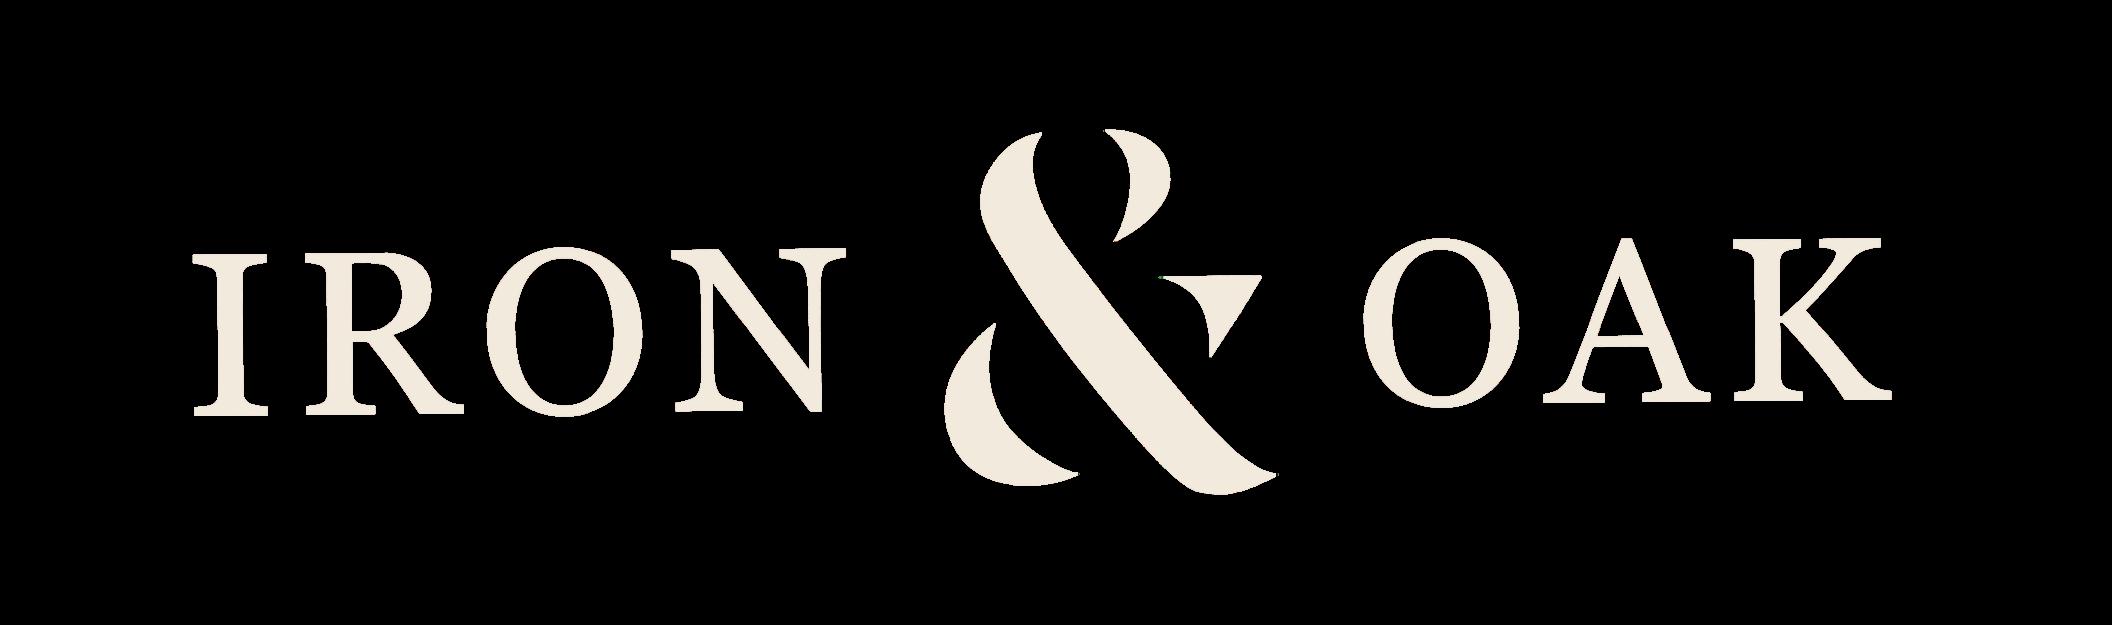 StyleGuide-_IRON&OAK-01 3.png
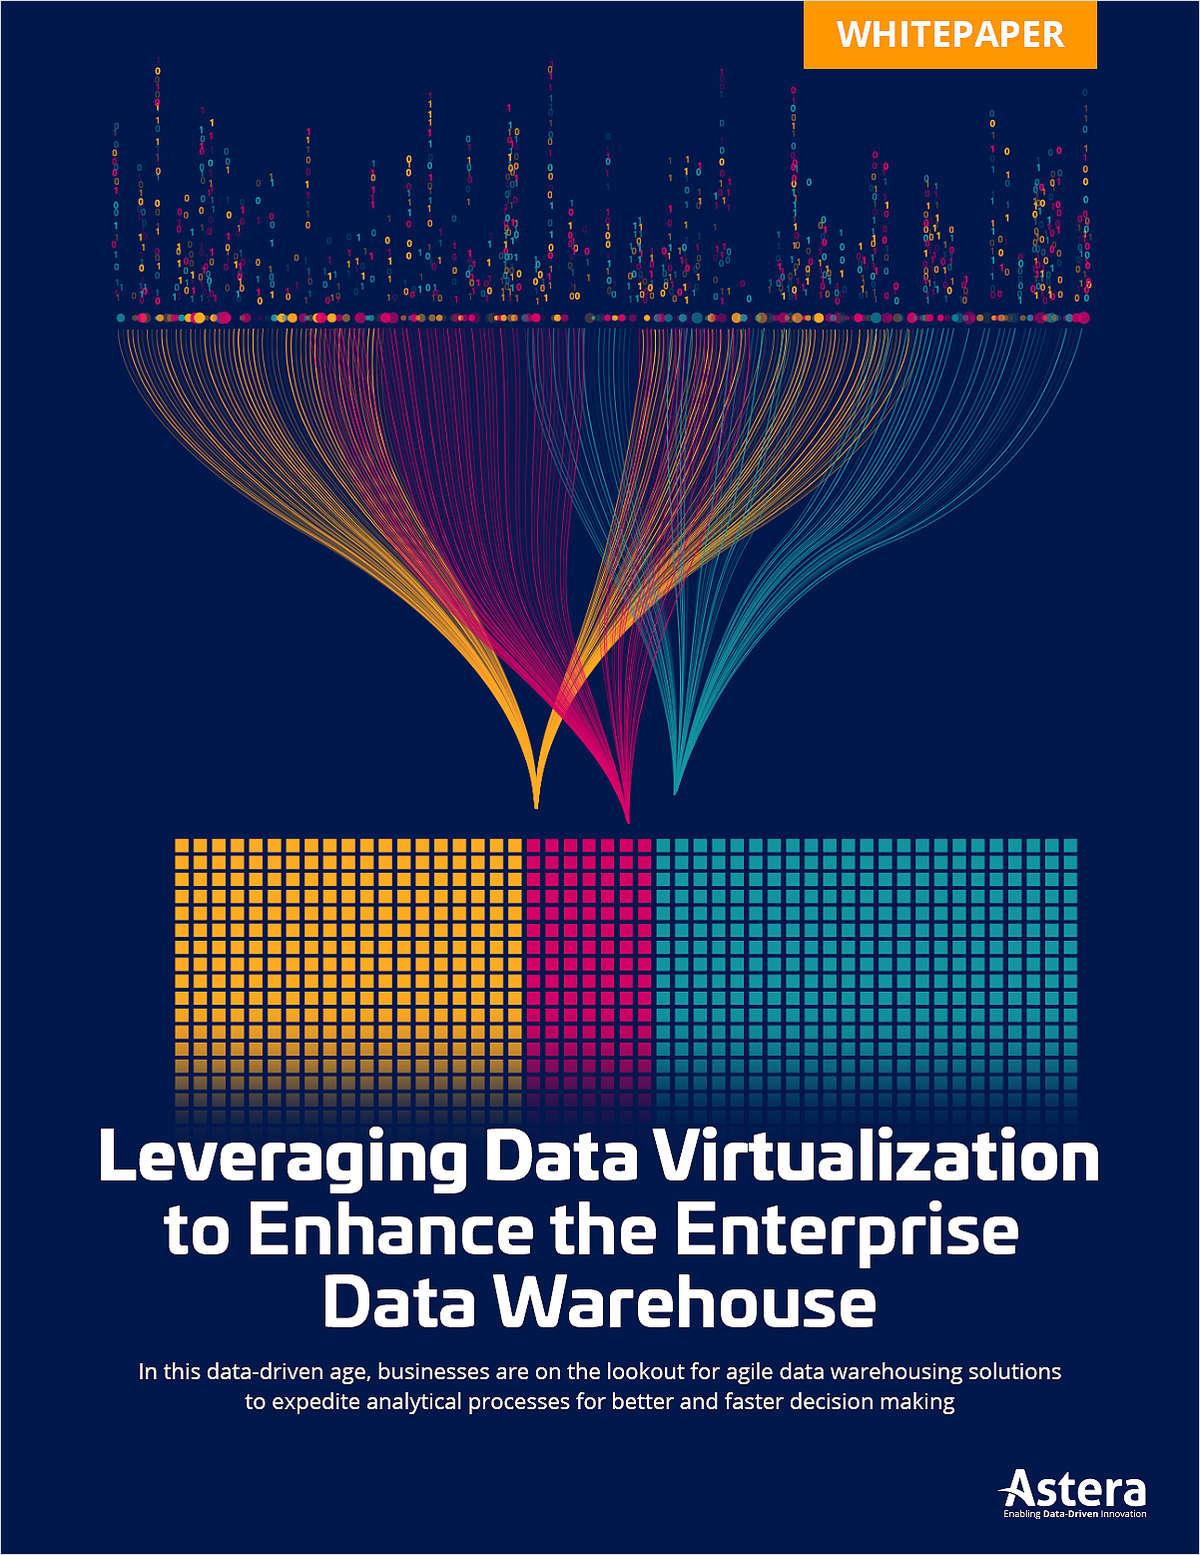 Leveraging Data Virtualization to Enhance the Enterprise Data Warehouse
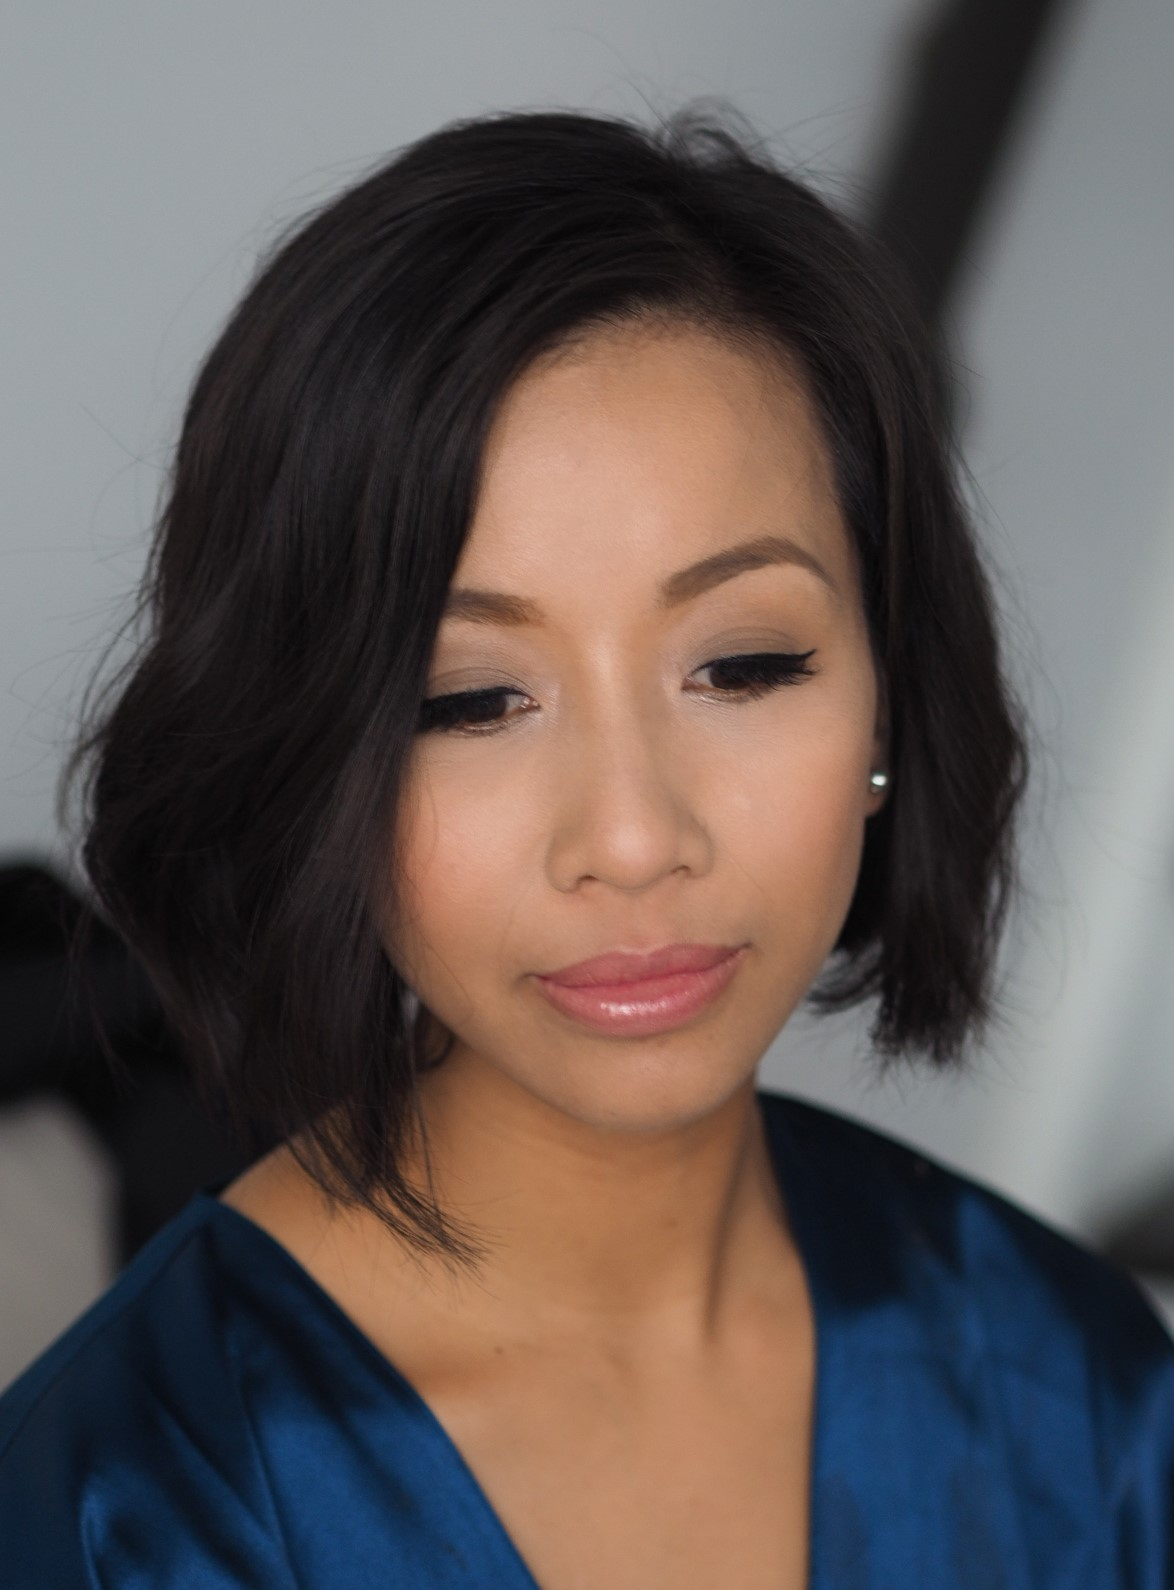 makeup lashes toronto artist mua

______________________________

All the lines above need to be repeated exactly, with no pictures carried over.

 StyleGuide-_IRON&OAK-01 3.png
 Leveraging Data Virtualization to Enhance the Enterprise Data Warehouse
 makeup lashes toronto artist mua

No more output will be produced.